Yaron.Redirect.NoWebDAV#3

The third related design issue facing the group is how to retrieve the
target of a redirect resource. The current proposal specifies the use of
WebDAV property. As argued in Yaron.Redirect.NoWebDAV#1 this is an
unnecessary complication. It is much simpler to allow people to issue a
method, such as HEAD, to the resource and allow the resource to respond to
that method with a 302. This provides a fully efficient but very simple
mechanism for discovering a redirect resource's target. Alternatively, one
could issue the method used to create the redirect resource in the first
place without a target header and allow the redirect resource to respond
with its target resource's URI. There are any number of mechanisms available
and none require the use and complexity of a WebDAV property. Therefore I
move that there MUST NOT be a requirement in the redirect draft for the
support of a WebDAV property in order to discover the target location.

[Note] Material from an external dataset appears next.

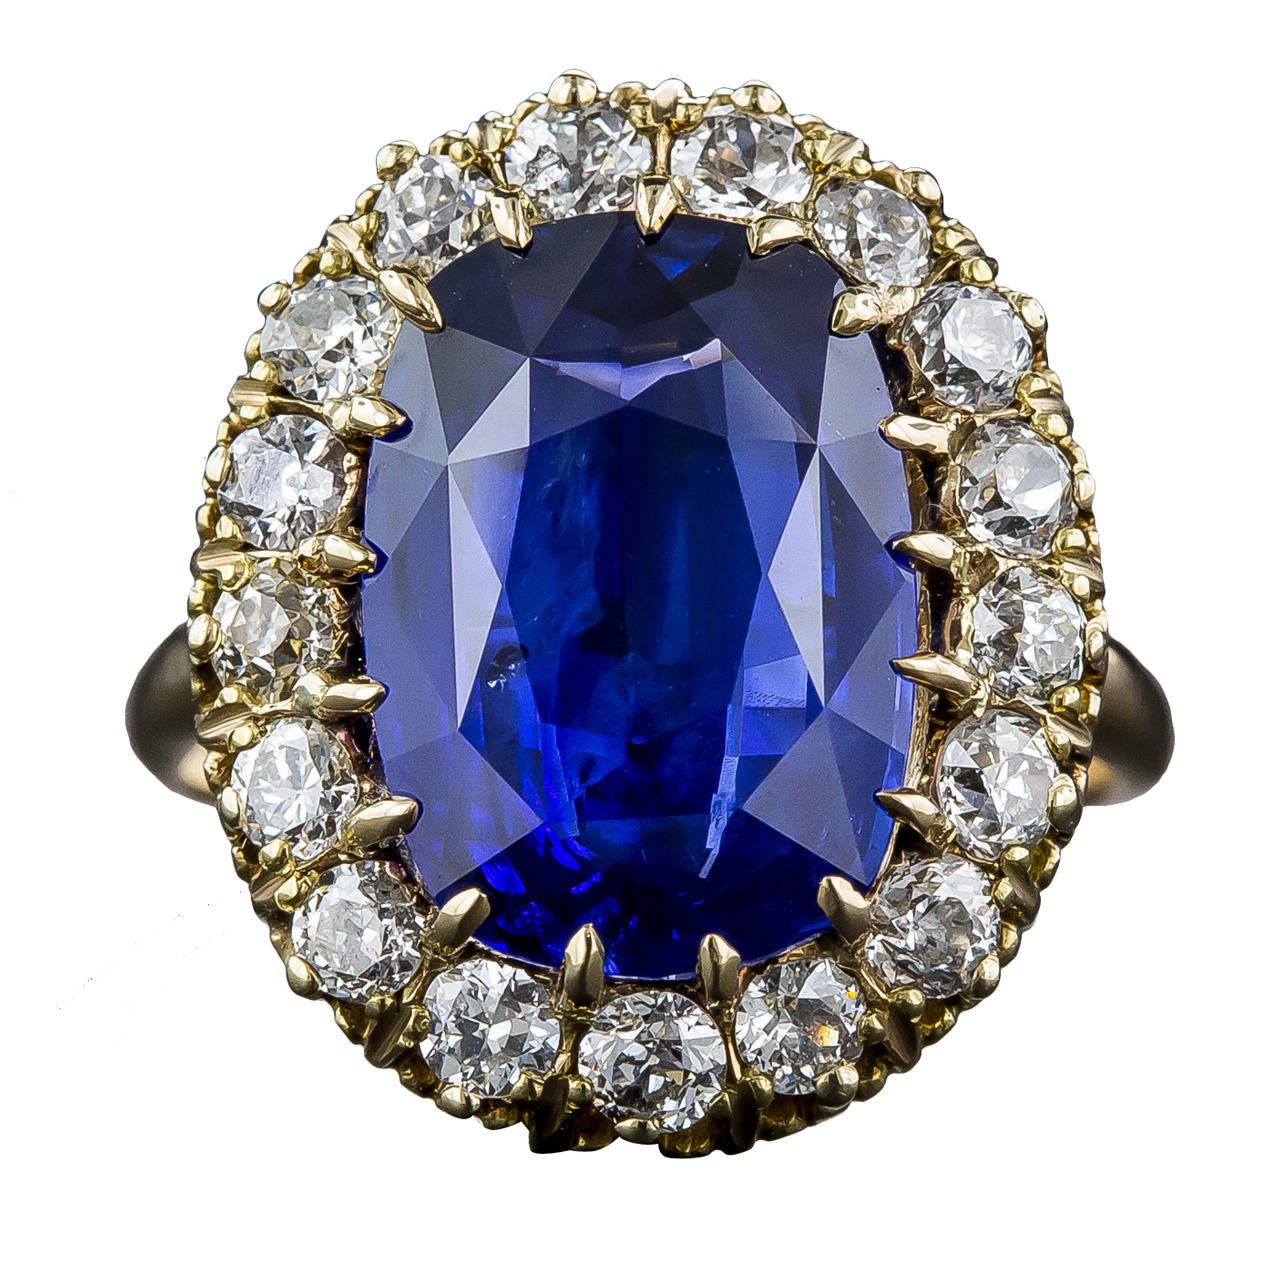 7.68 Carat Sapphire Diamond Antique Cluster Ring For Sale

It is possible, of course, to argue that one should have a WebDAV property
to discover the target resource, even if it is not mandatory. The utility of
such a property includes the ability to use PROPFIND to collect various bits
of data about a resource in a single request as well as the ability to
search on the data. However, under closer scrutiny, neither of these
arguments holds up. 

The use of pipelining means that one can use several separate status request
messages to a resource without incurring any latency costs. Furthermore,
while there is relatively little benefit to overloading properties, there is
a very definite cost. As discussed in the WebDAV book of why and for
reasoning that is essentially identical to that given in
Yaron.Redirect.NoWebDAV#2, the requirement to provide resource state
information through properties presents a clear threat to the extensibility
of the WebDAV protocol suite. It centralizes control over new functionality
into a single point and so inhibits the ability to experiment and extend
HTTP resources.

The search confusion has been around for a while, which is surprising given
that even the DASL group has long disowned the issue. The essence of the
problem is the mistaken belief the DASL is only able to query WebDAV
properties. In fact, DASL is able to query any value associated with a
resource that has a unique name, i.e. a URI name. There is no requirement
that this value be settable or retrievable through the WebDAV property
mechanism.

Therefore I move that the bind spec MUST NOT specify much less require the
use of WebDAV properties for any purpose related to the creation/state
query/maintenance of redirect resources.